- **Information provided**
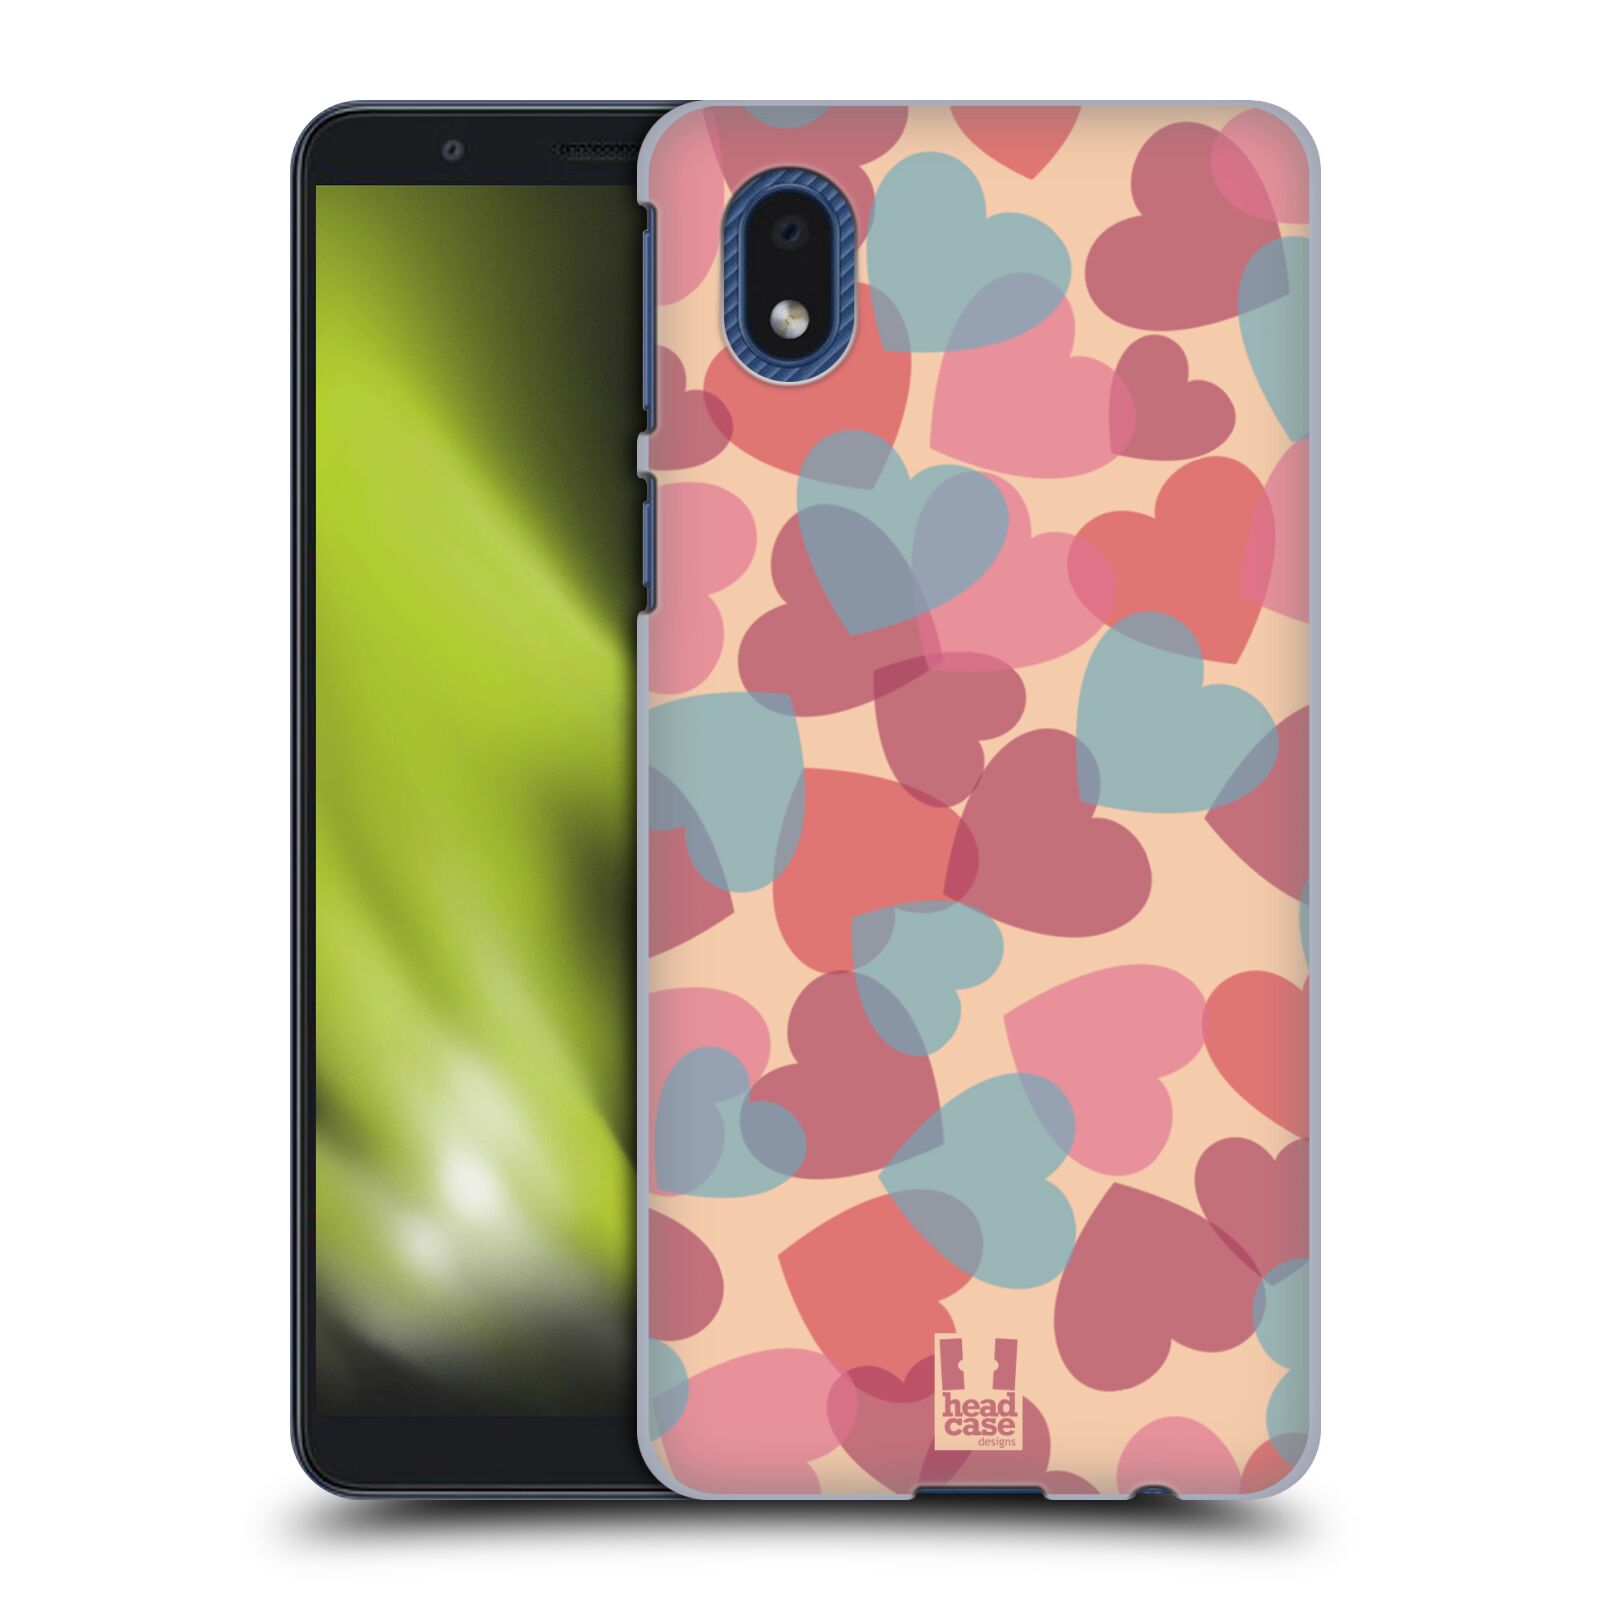 Zadní obal pro mobil Samsung Galaxy A01 CORE - HEAD CASE - Růžová srdíčka kreslený vzor
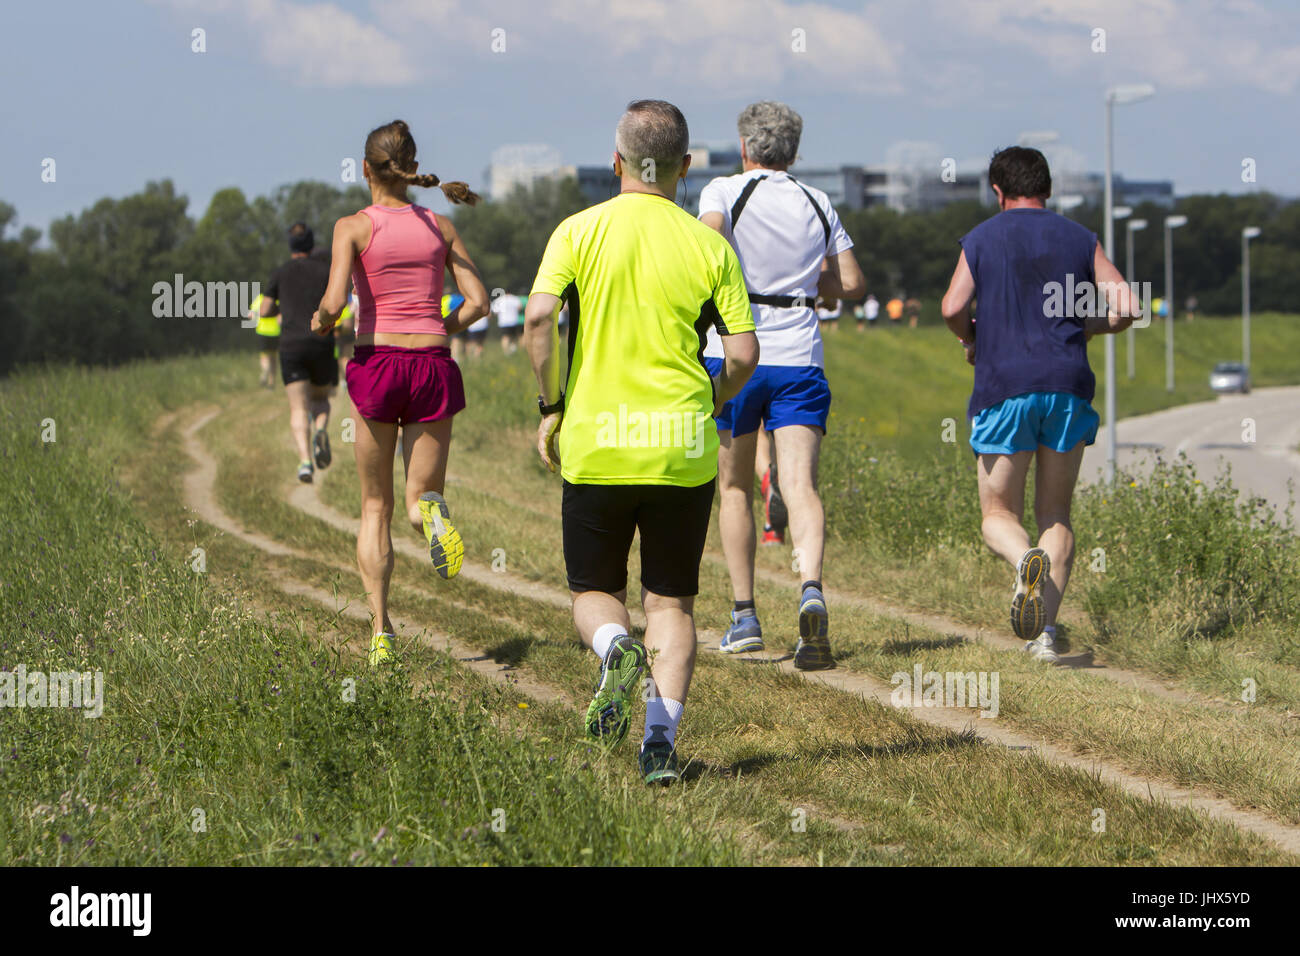 Grupo de jóvenes al aire libre corriendo maratón cross-country Foto de stock
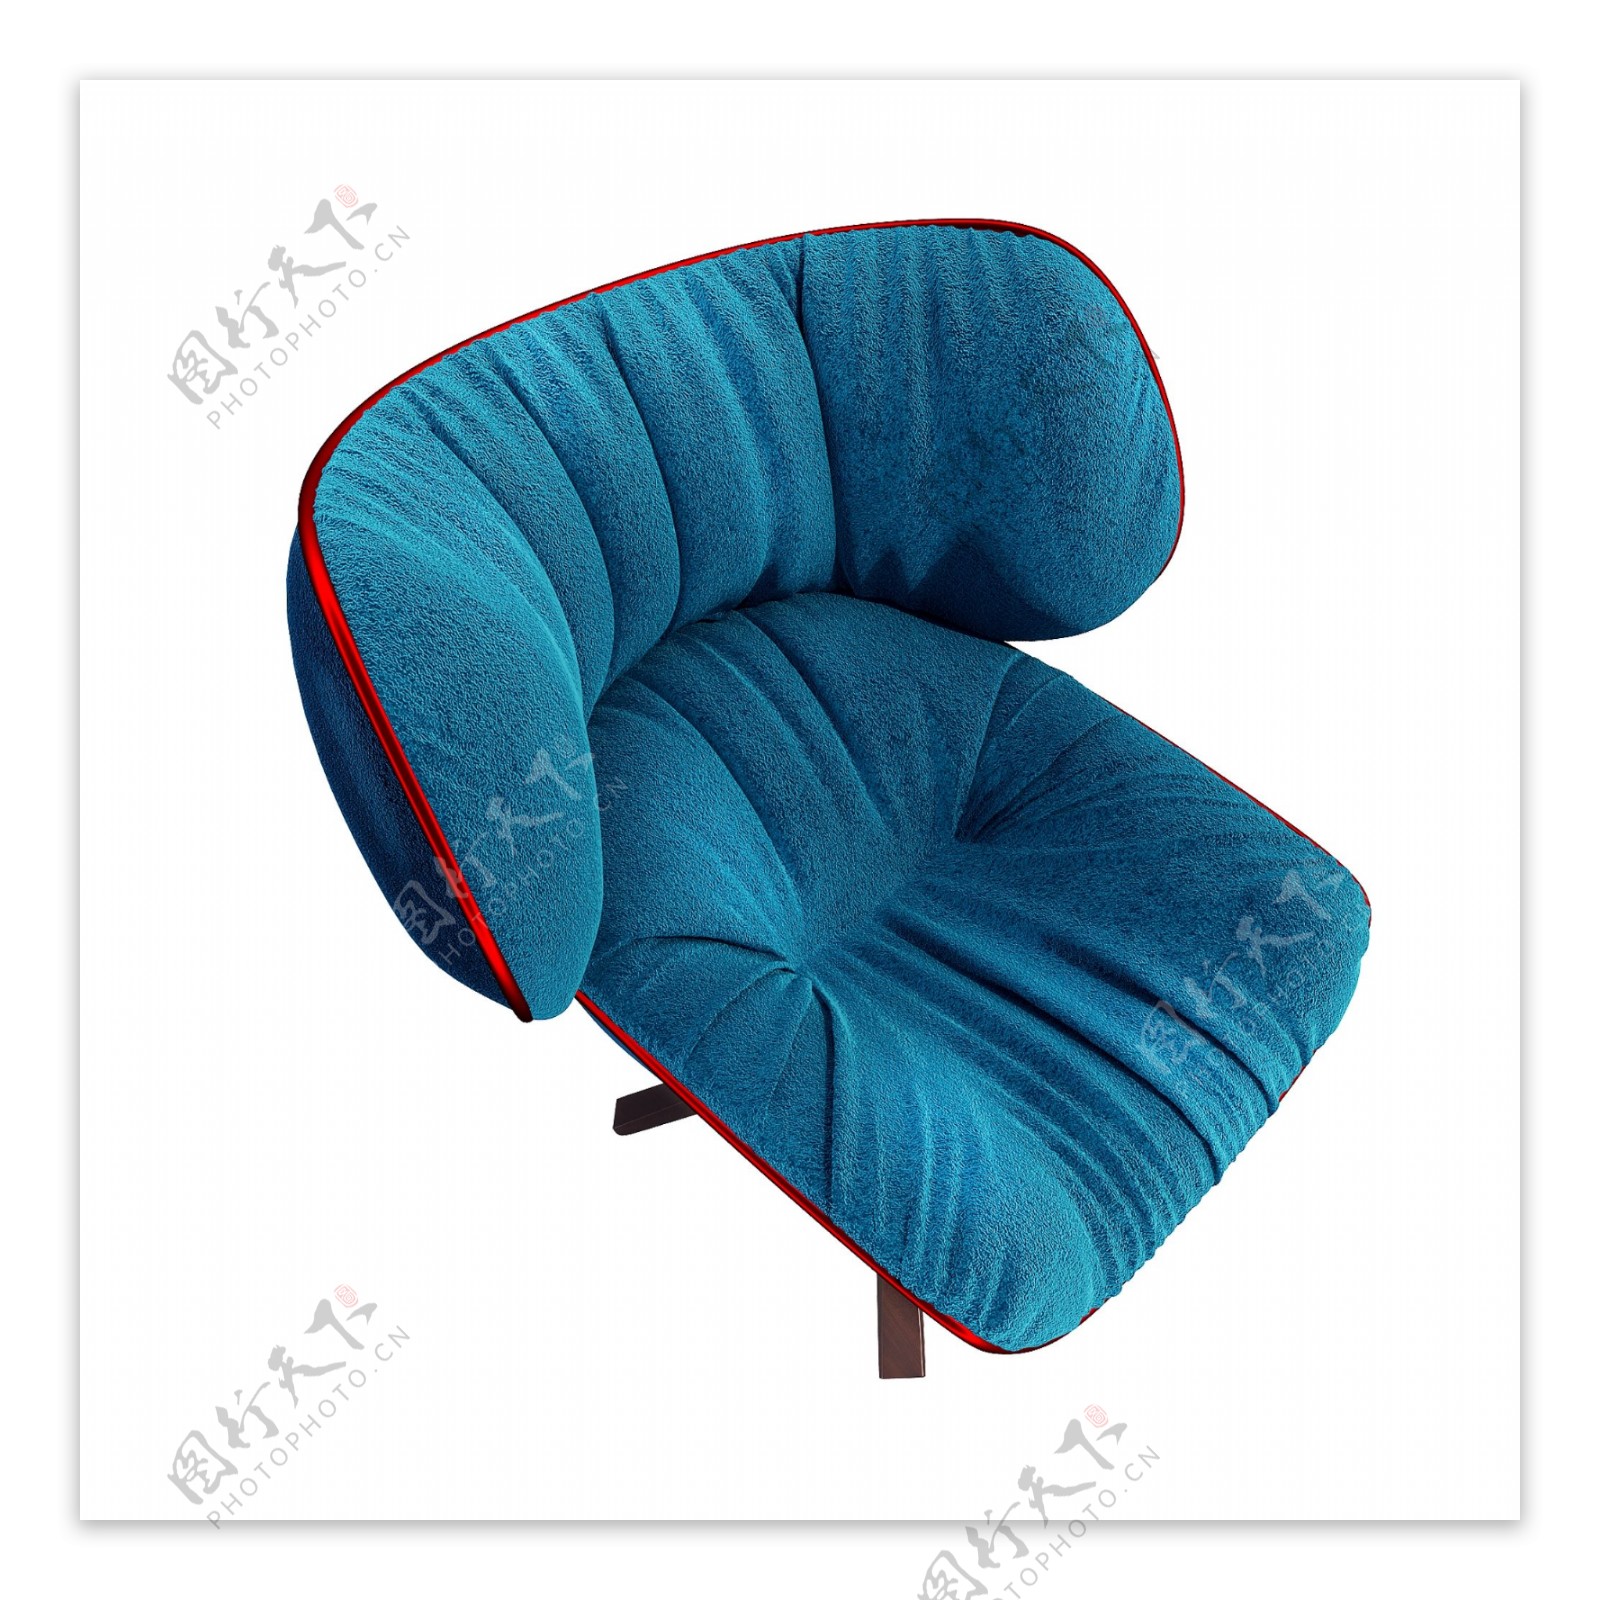 立体质感绒布椅子png图

- **Work item**
Omit all images when repeating the data above exactly.

- **Answer to the exercise**
 Zadní obal pro mobil Samsung Galaxy A01 CORE - HEAD CASE - Růžová srdíčka kreslený vzor
 Grupo de jóvenes al aire libre corriendo maratón cross-country Foto de stock
 立体质感绒布椅子png图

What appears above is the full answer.